The $50 million defamation case filed in Virginia by actor Johnny Depp against his ex-wife could have a chilling effect on news organizations in the state, an attorney for the Virginia Press Association argued Friday.

FAIRFAX, Va. (CN) – The $50 million defamation case filed in Virginia by actor Johnny Depp against his ex-wife could have a chilling effect on news organizations in the state, an attorney for the Virginia Press Association argued Friday.

The case, now working its way through Fairfax County Circuit Court, revolves around Depp’s claim that his ex-wife, Amber Heard, defamed him by implication in a December 2018 editorial published in The Washington Post. The paper is printed in Fairfax County, and the case is being litigated here.

Heard, 33, co-star of the 2018 blockbuster movie “Aquaman,” and Depp, 56, of the “Pirates of the Caribbean” franchise, married in 2015 and divorced in 2017. The split was far from amicable, and in the editorial Heard described herself as “a public figure representing domestic abuse” and said she had “the rare vantage point of seeing, in real time, how institutions protect men accused of abuse.”

While she never mentioned Depp by name, he said she was clearly referring to him. His lawsuit filed in March alleges the article was about the accusations she’d made against Depp as their marriage unraveled in 2016.

Depp maintains Heard’s claims are false, “refuted by two separate responding police officers, a litany of neutral third-party witnesses and 87 newly obtained surveillance camera videos,” according to the complaint.

It’s a high profile case revolving around two celebrities with no real ties to Virginia. Jennifer A. Nelson of the University of Virginia School of Law’s First Amendment Clinic and counsel for the Virginia Press Association said Friday that the case could have a chilling effect on press organizations in the commonwealth.
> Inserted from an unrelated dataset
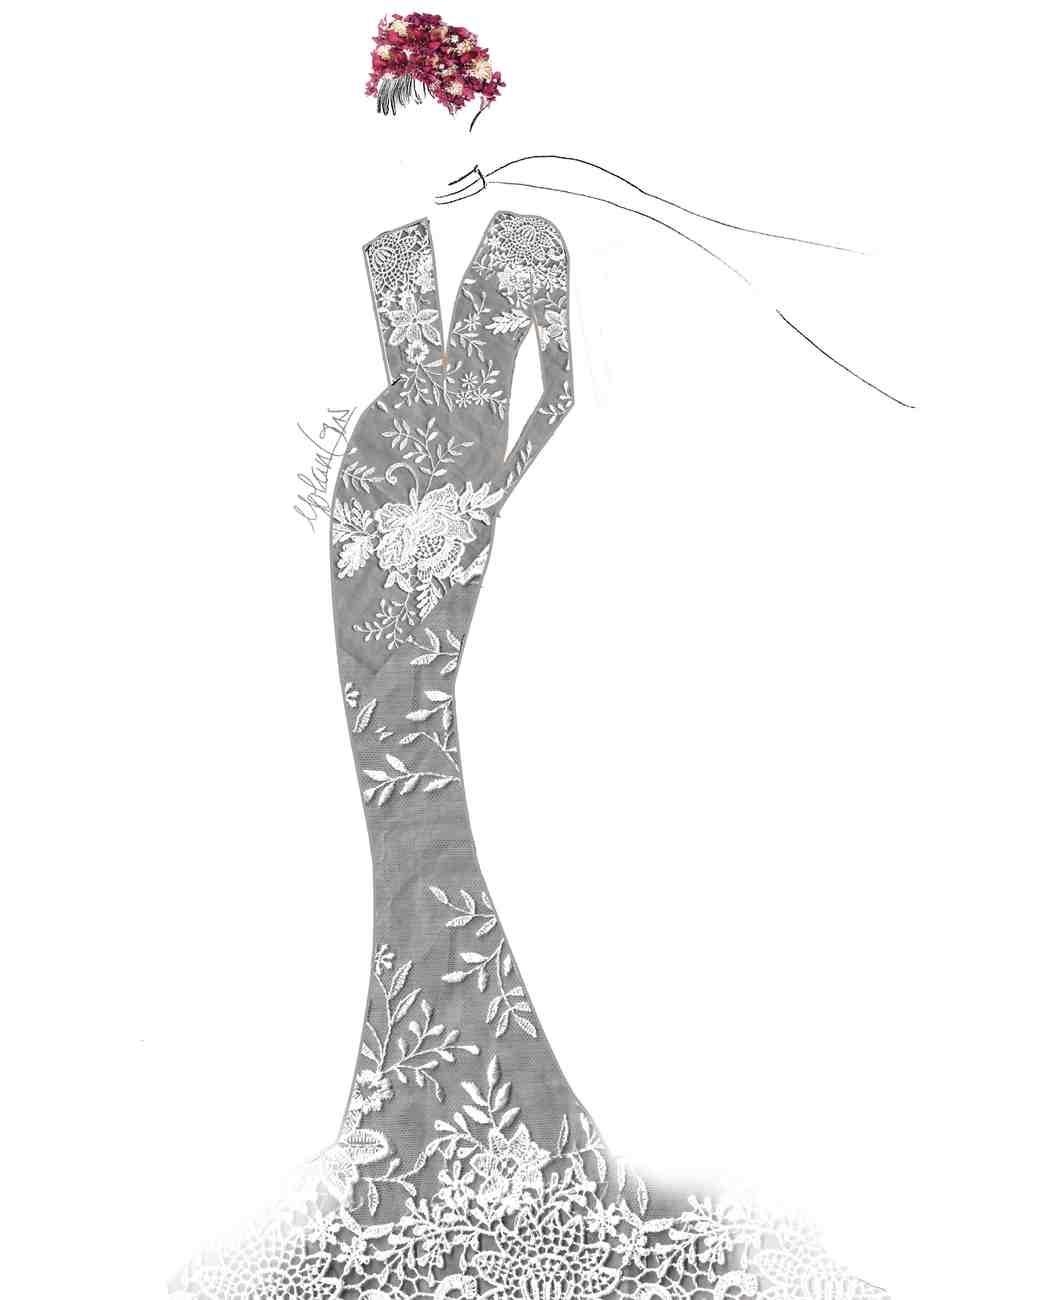 yolancris-fall-2017-exclusive-wedding-dress-sketch-0916.jpg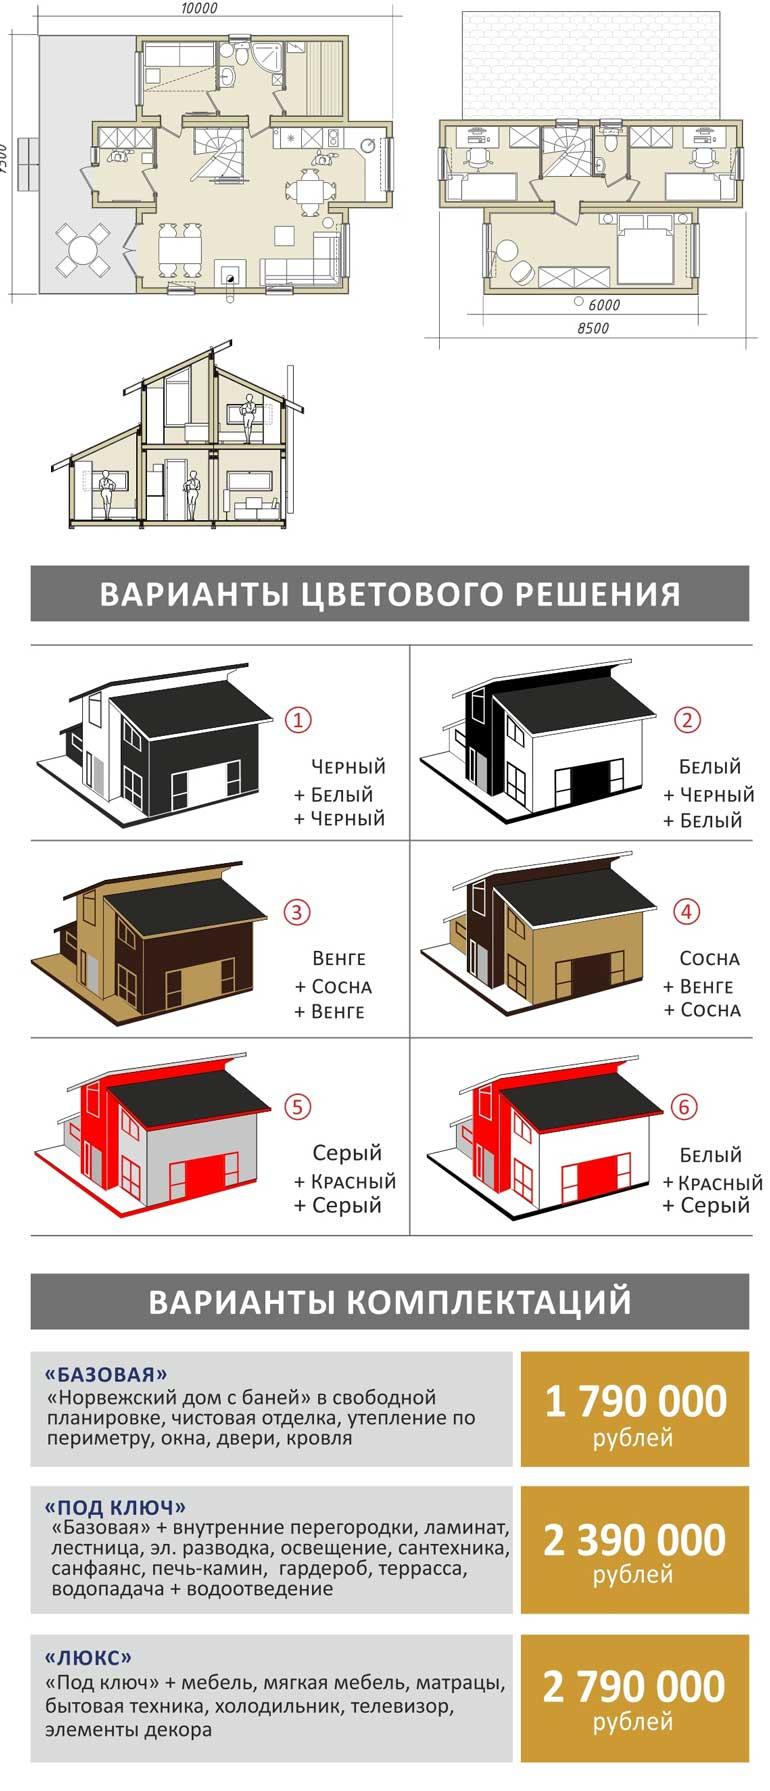 norvezhskiy-dom-banya-88-skandis-montazh-za-1-den

The group was in court to make its case for submitting an amicus brief.

Broad applications of the defamation by implication doctrine “would require publishers to consider every potential defamatory implication that could possibly extend from otherwise accurate statements,” the organization argued in a motion submitted to the court.

Depp’s lawyer, Benjamin Chew of the Washington, D.C., office of the firm Brown Rudnick, countered that the association’s concerns were already being addressed by lawyers in the case.

Fairfax County Chief Circuit Court Judge Bruce White declined to allow the association to file a brief in the case. While he sometimes welcomes such briefs, he said “this is not one of those occasions.” He added the decision was based on law as opposed to concern for policy goals.

Among other attorneys, Heard is now represented by prominent civil rights lawyer Roberta Kaplan of Kaplan, Hecker & Fink. Kaplan is also representing columnist E. Jean Carroll, who is suing President Donald Trump for defamation. She claims he raped her two decades ago in a dressing room.

Heard has claimed Depp was violent during their marriage and that his outbursts were inextricably intertwined with substance abuse. Last month, Judge White ruled that Depp must give his ex-wife’s attorneys access to medical records related to his alcohol and drug use.